> Data for this exercise
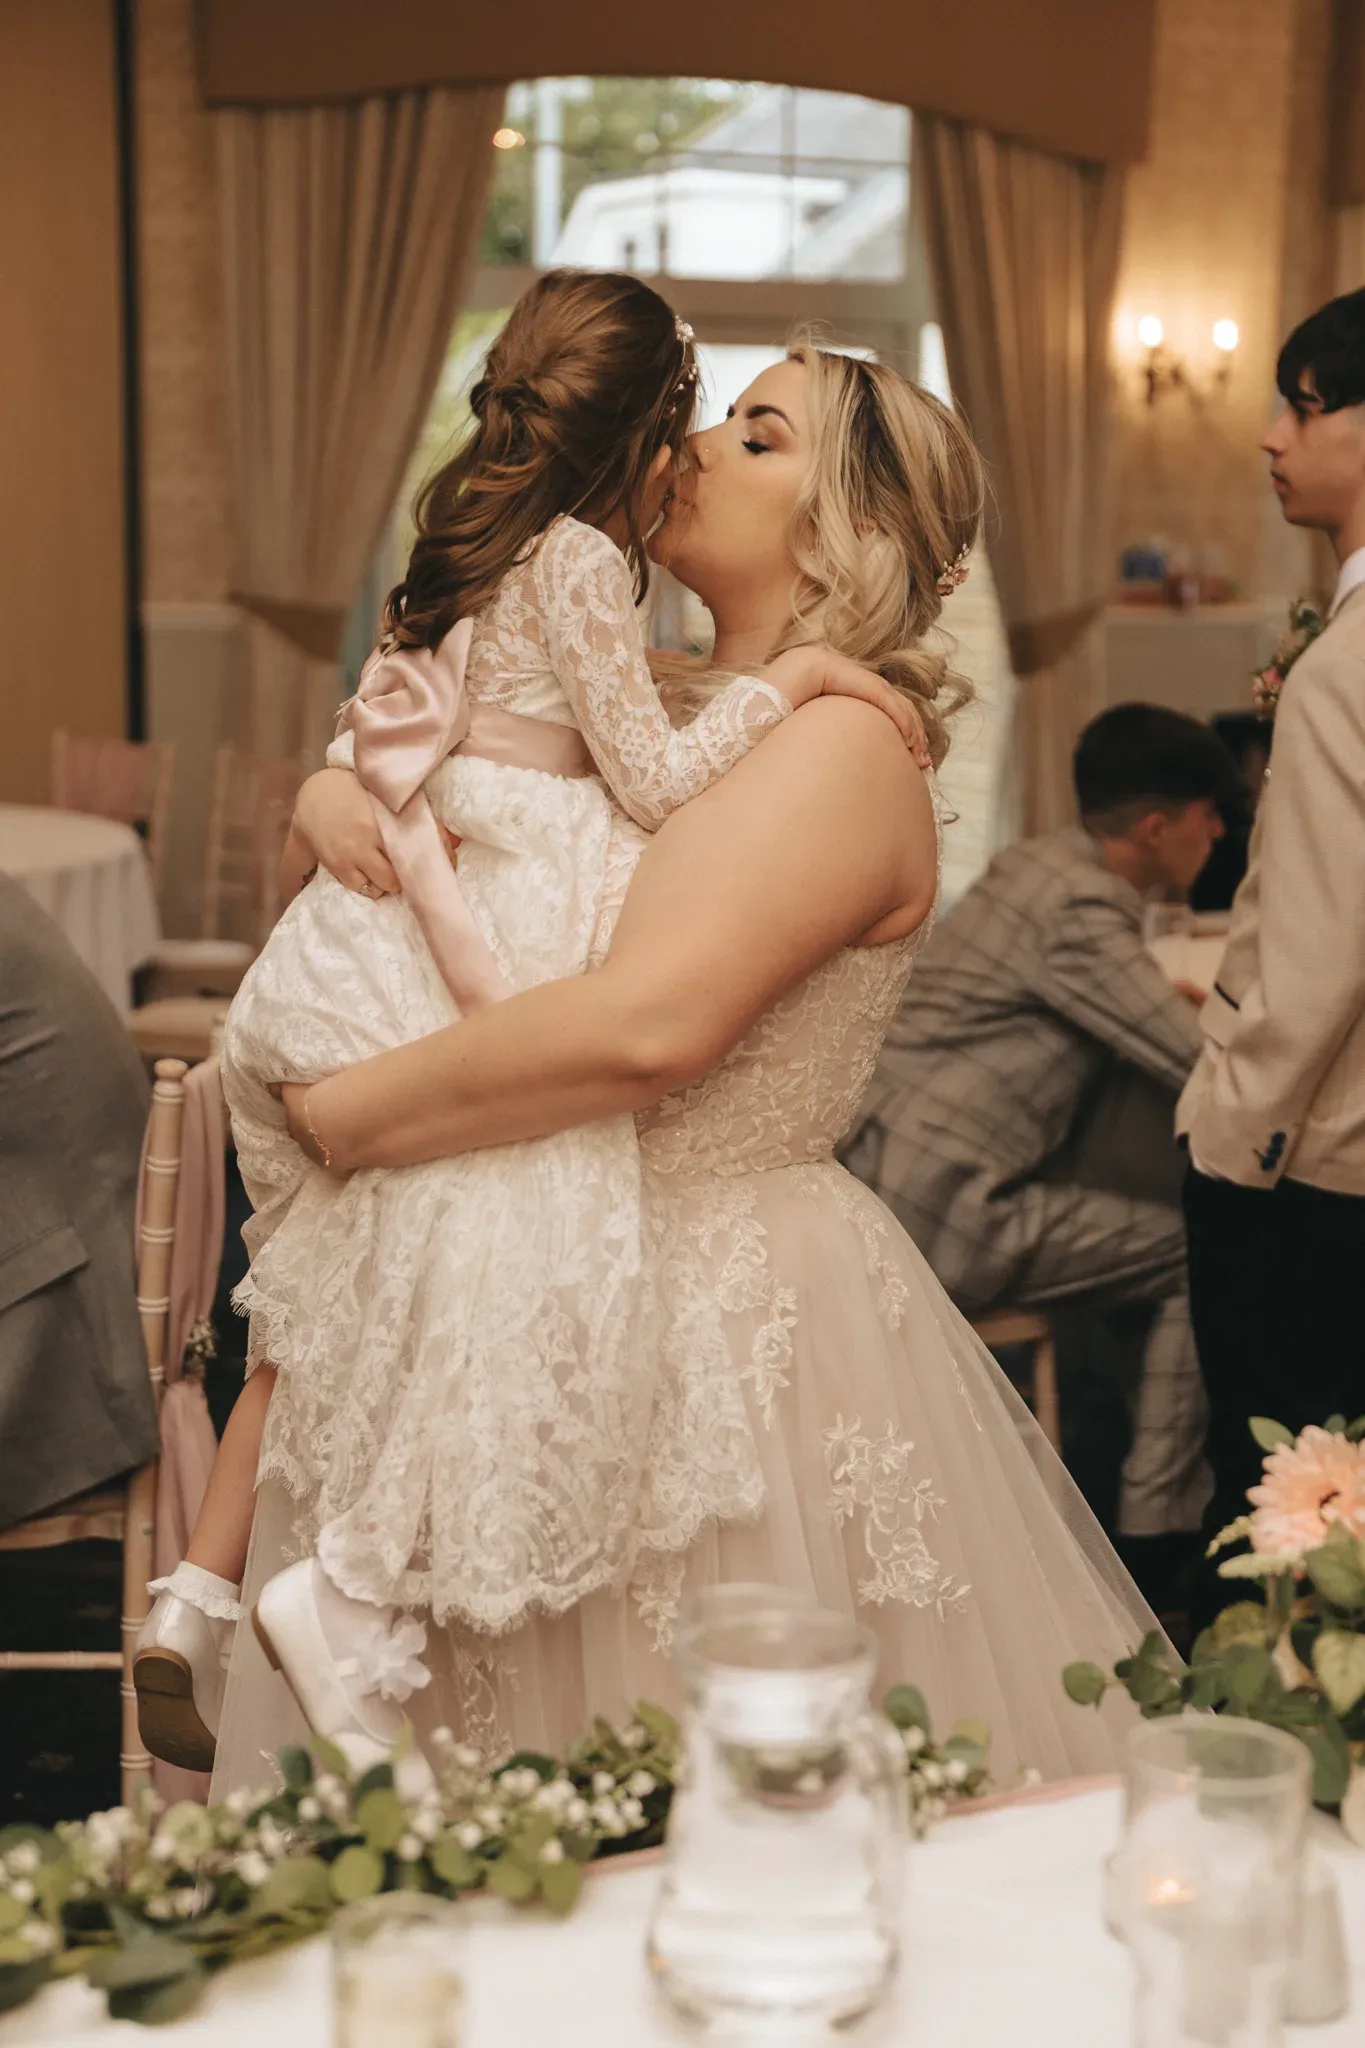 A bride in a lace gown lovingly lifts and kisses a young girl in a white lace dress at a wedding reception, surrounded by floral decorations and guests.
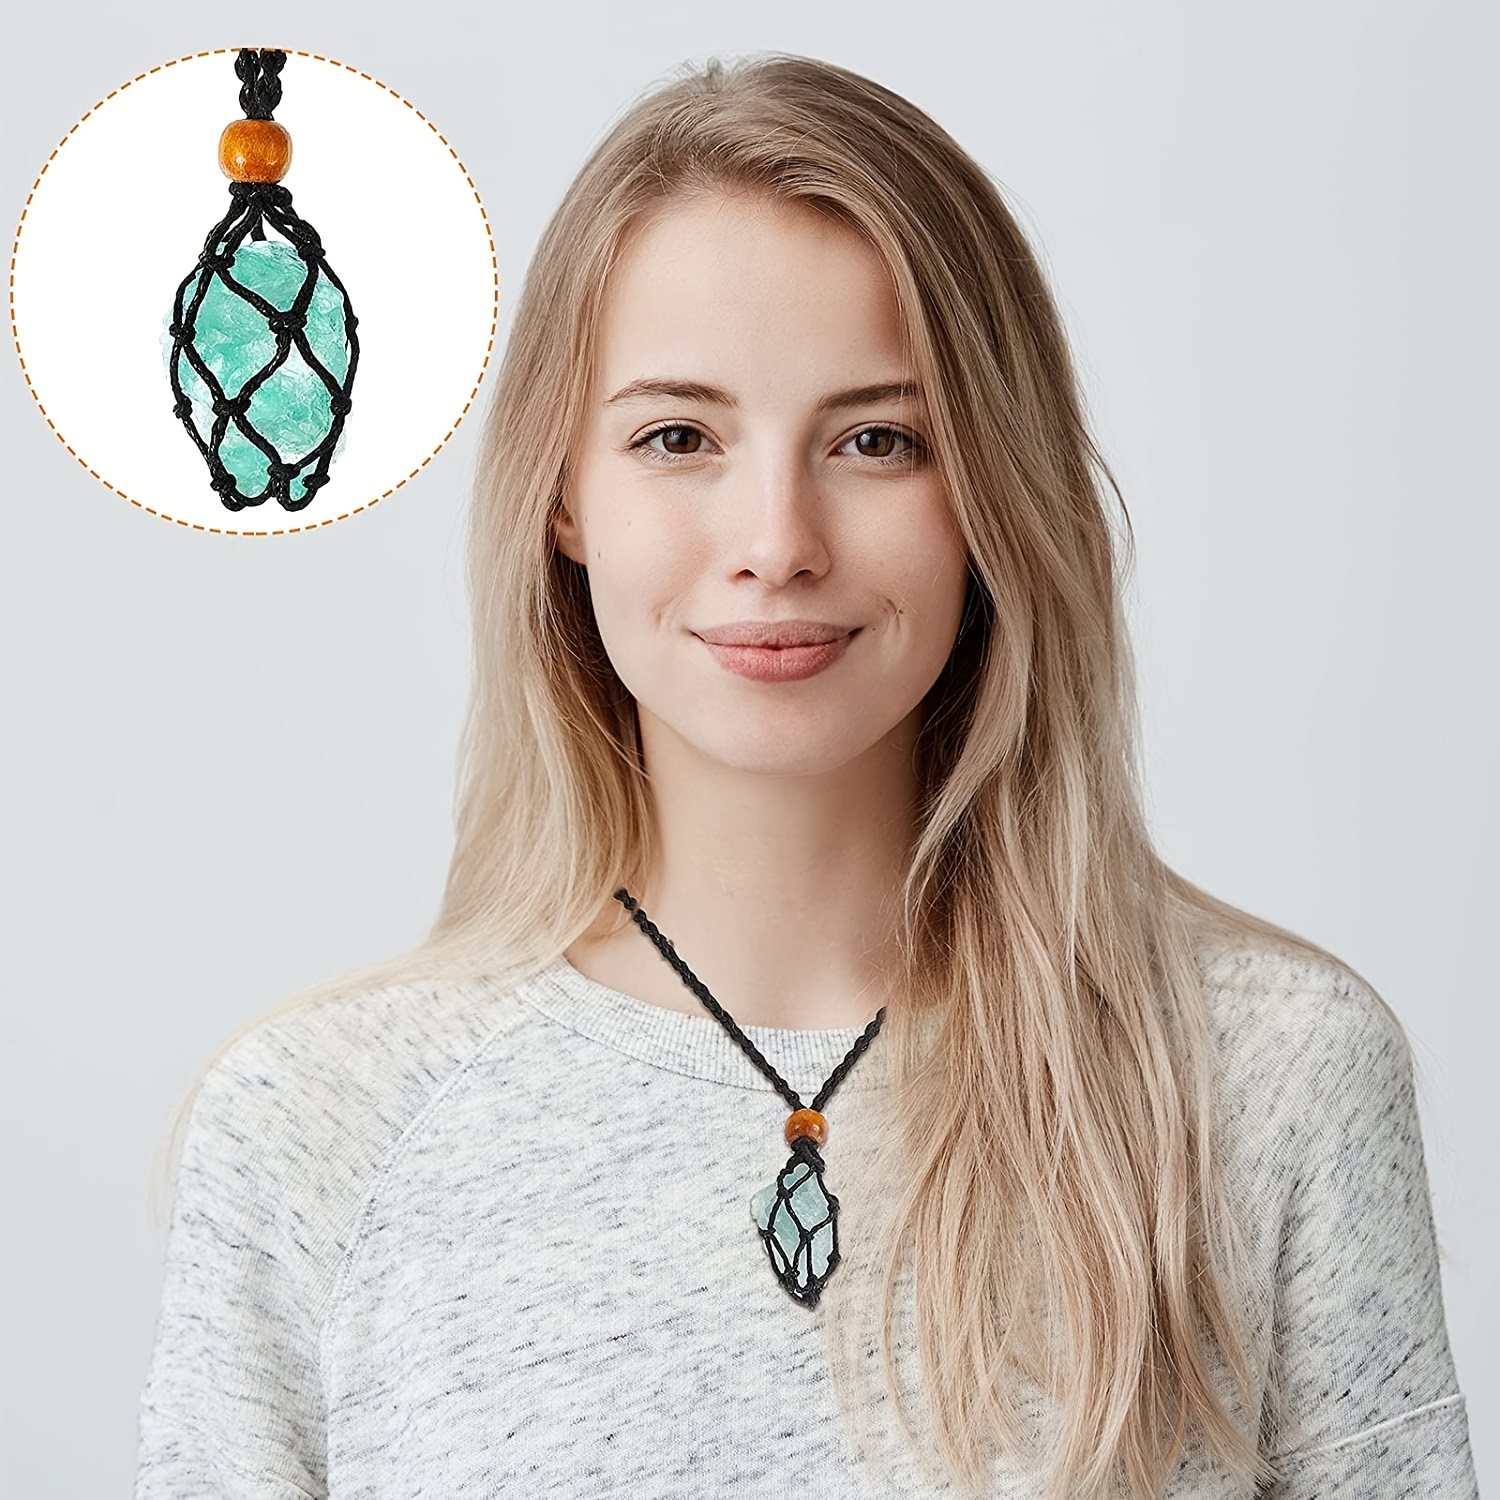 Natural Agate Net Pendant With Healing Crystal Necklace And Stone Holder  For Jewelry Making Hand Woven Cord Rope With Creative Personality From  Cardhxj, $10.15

...

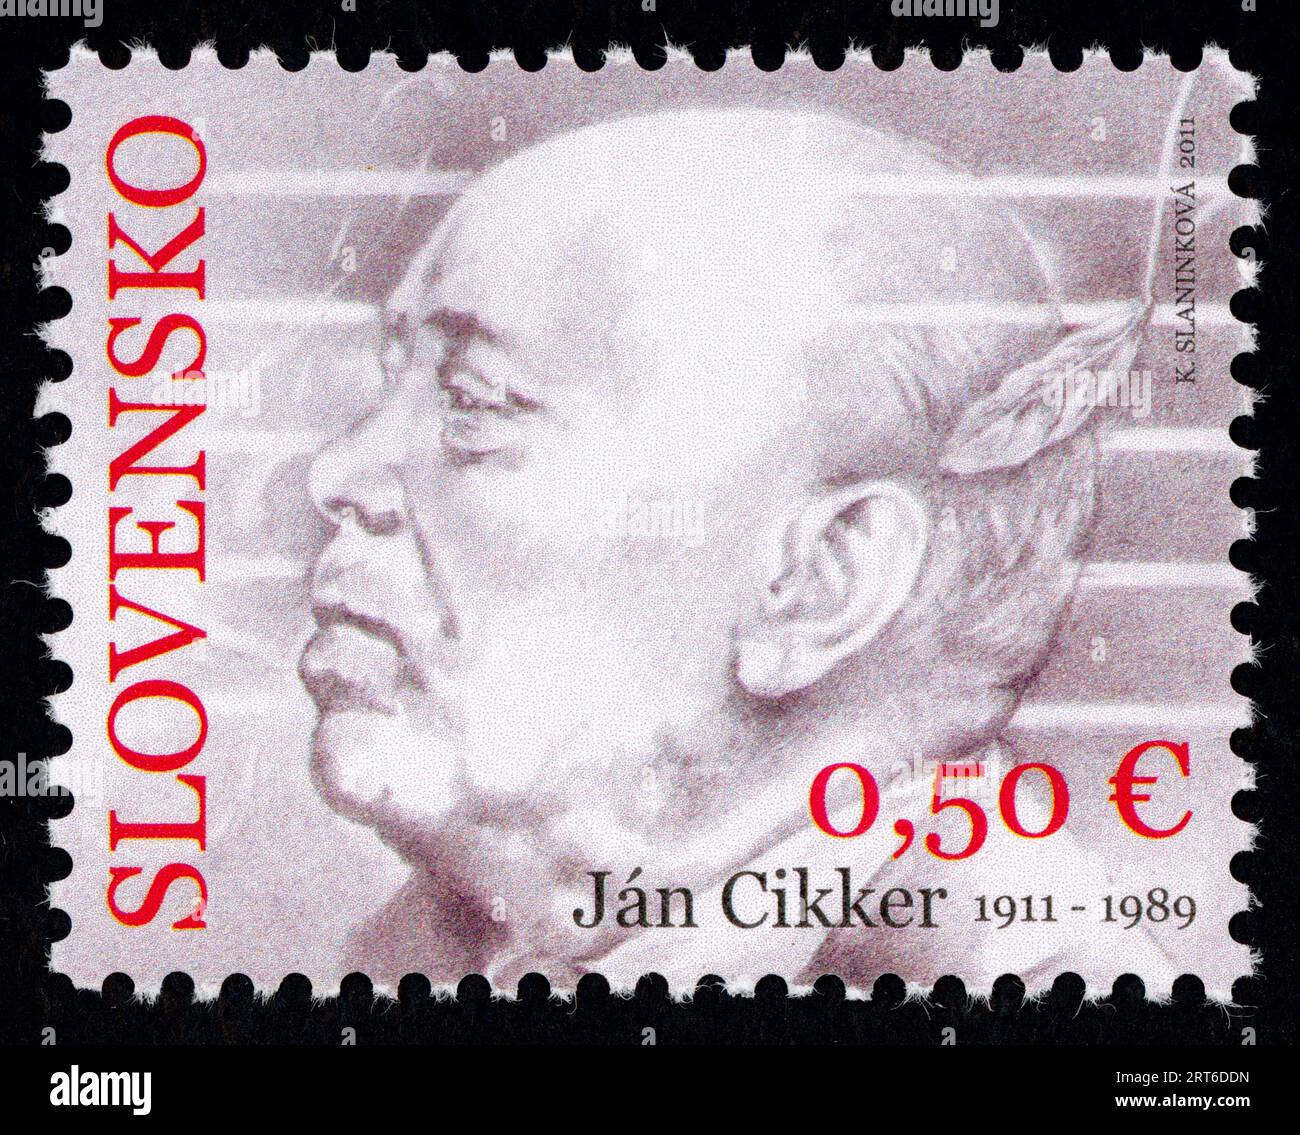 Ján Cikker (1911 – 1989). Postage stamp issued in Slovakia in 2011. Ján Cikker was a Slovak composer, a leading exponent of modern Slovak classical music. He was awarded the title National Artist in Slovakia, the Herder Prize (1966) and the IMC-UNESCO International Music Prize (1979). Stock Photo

> Work request
Word for word, write out the lines above running from the one with "A bride in a" up to and including the one with "Natural Agate Net". Drop any picture.

> Response
 A bride in a lace gown lovingly lifts and kisses a young girl in a white lace dress at a wedding reception, surrounded by floral decorations and guests.
 Natural Agate Net Pendant With Healing Crystal Necklace And Stone Holder  For Jewelry Making Hand Woven Cord Rope With Creative Personality From  Cardhxj, $10.15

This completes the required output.